Open dpogibelskiy opened 1 month ago

dpogibelskiy commented 1 month ago

Hi,

I have faced self-inconsistency with handling of projection schema.

When reading partitioned parquet using ParquetReader.projectedGeneric(expectedSchema).options(...).read the output rows contain partitioning columns even if expectedSchema doesn't.

When reading not-partitioned parquet the output rows contain columns listed in expectedSchema.

I am not sure what the "proper" behavior is, but observed one looks not self-consistent.

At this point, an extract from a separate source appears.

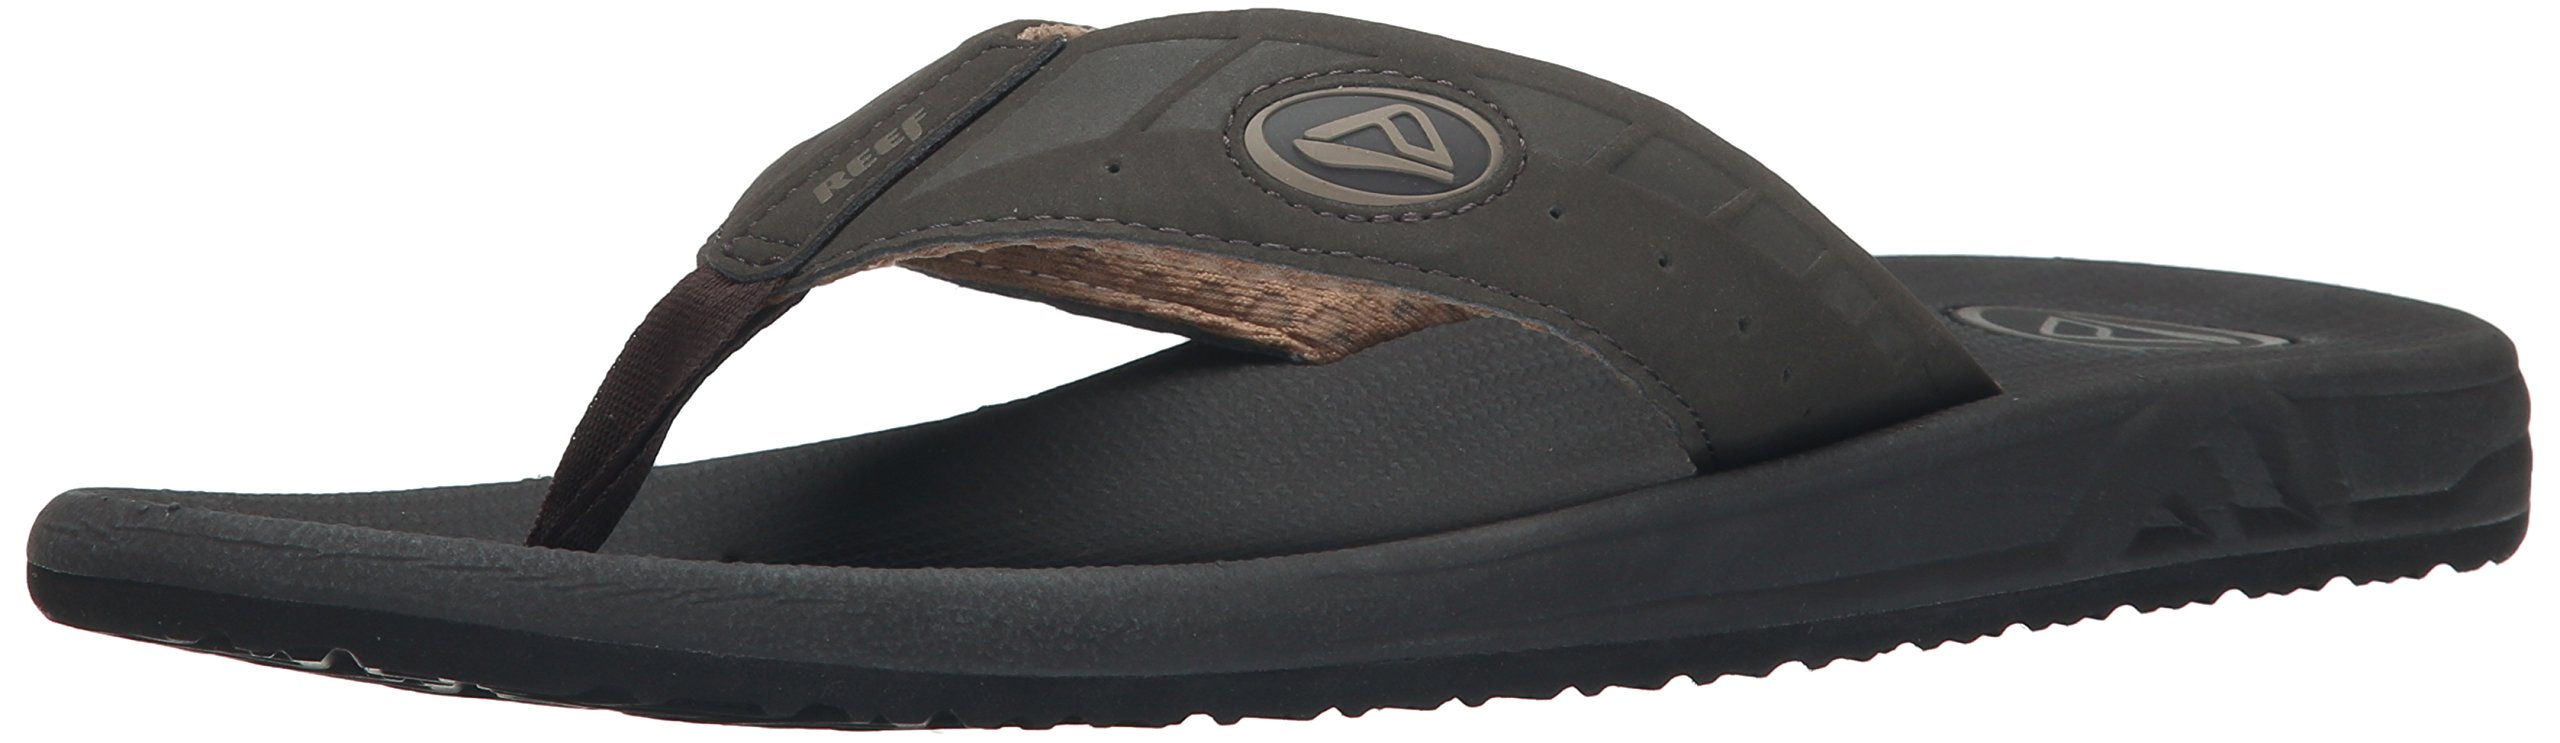 Reef Men's Phantom Sandal, Brown, 11 M US

Parquet4s version 2.18.0 Here is a test case:

val rows = List(
      Row("a_value", "b_value1", "c_value1"),
      Row("a_value", "b_value1", null)
    )
    val df = spark.createDataFrame(
      rows.asJava,
      StructType(
        Array(
          StructField("a", StringType),
          StructField("b", StringType),
          StructField("c", StringType)
        )
      )
    )
    df.write.parquet("s3a://sample-bucket/p0")
    df.write.partitionBy("a").parquet("s3a://sample-bucket/p1")

    val expectedSchema = new MessageType(
      "root",
      List[Type](
        Types
          .primitive(PrimitiveTypeName.BINARY, Repetition.OPTIONAL)
          .as(LogicalTypeAnnotation.stringType())
          .named("c")
      ).asJava
    )

    def showP4S(path: String): List[String] = {
      Using(
        ParquetReader
          .projectedGeneric(expectedSchema)
          .options(opt)
          .read(Path(new HPath(path)))
      )(_.iterator.map { row =>
        row.foldLeft("") { case (str, (k, v)) => str + s"$k = $v, " }
      }.toList).get
    }

    println("p4s not-partitioned")
    showP4S("s3a://sample-bucket/p0").foreach(println)
    println("p4s partitioned")
    showP4S("s3a://sample-bucket/p1").foreach(println)

The output is:

p4s not-partitioned
c = BinaryValue(Binary{8 constant bytes, [99, 95, 118, 97, 108, 117, 101, 49]}), 
c = NullValue, 
p4s partitioned
c = BinaryValue(Binary{8 constant bytes, [99, 95, 118, 97, 108, 117, 101, 49]}), a = BinaryValue(Binary{"a_value"}), 
c = NullValue, a = BinaryValue(Binary{"a_value"}), 
mjakubowski84 commented 1 month ago

That's pretty expected behaviour, because the expectedSchema is pushed down and used for reading files. The partition value comes automatically from the partition - not from a file.

dpogibelskiy commented 1 month ago

Thank you for answer and explanations.

I have looked through code and I understand how this "unexpected" value comes into result row. My question is wouldn't it be better to refer to projection schema (if any) in com.github.mjakubowski84.parquet4s.ParquetReader.BuilderImpl#setPartitionValues? Since parquet4s silently deals with partitioning the caller sometimes doesn't have any idea whether the data comes from single file/flat-partitioned folder/tree-like-partitioned folder/whaetver. Yes, it is pretty easy to filter out unneeded columns afterwards, but this approach looks like workaround.

mjakubowski84 commented 1 month ago

The issue is more with the other way around. If the user wants to see partition values in the output they have to specify it in the schema. And then Parguet4s has to remove this column from the projection when reading files. This removal mechanism is already implemented, IIRC, so it should be feasible. However, I am more worried about backwards compatibility. Still... providing a schema explicitly for generic records is quite an esoteric use-case for Parquet4s, therefore we can consider changing this behaviour.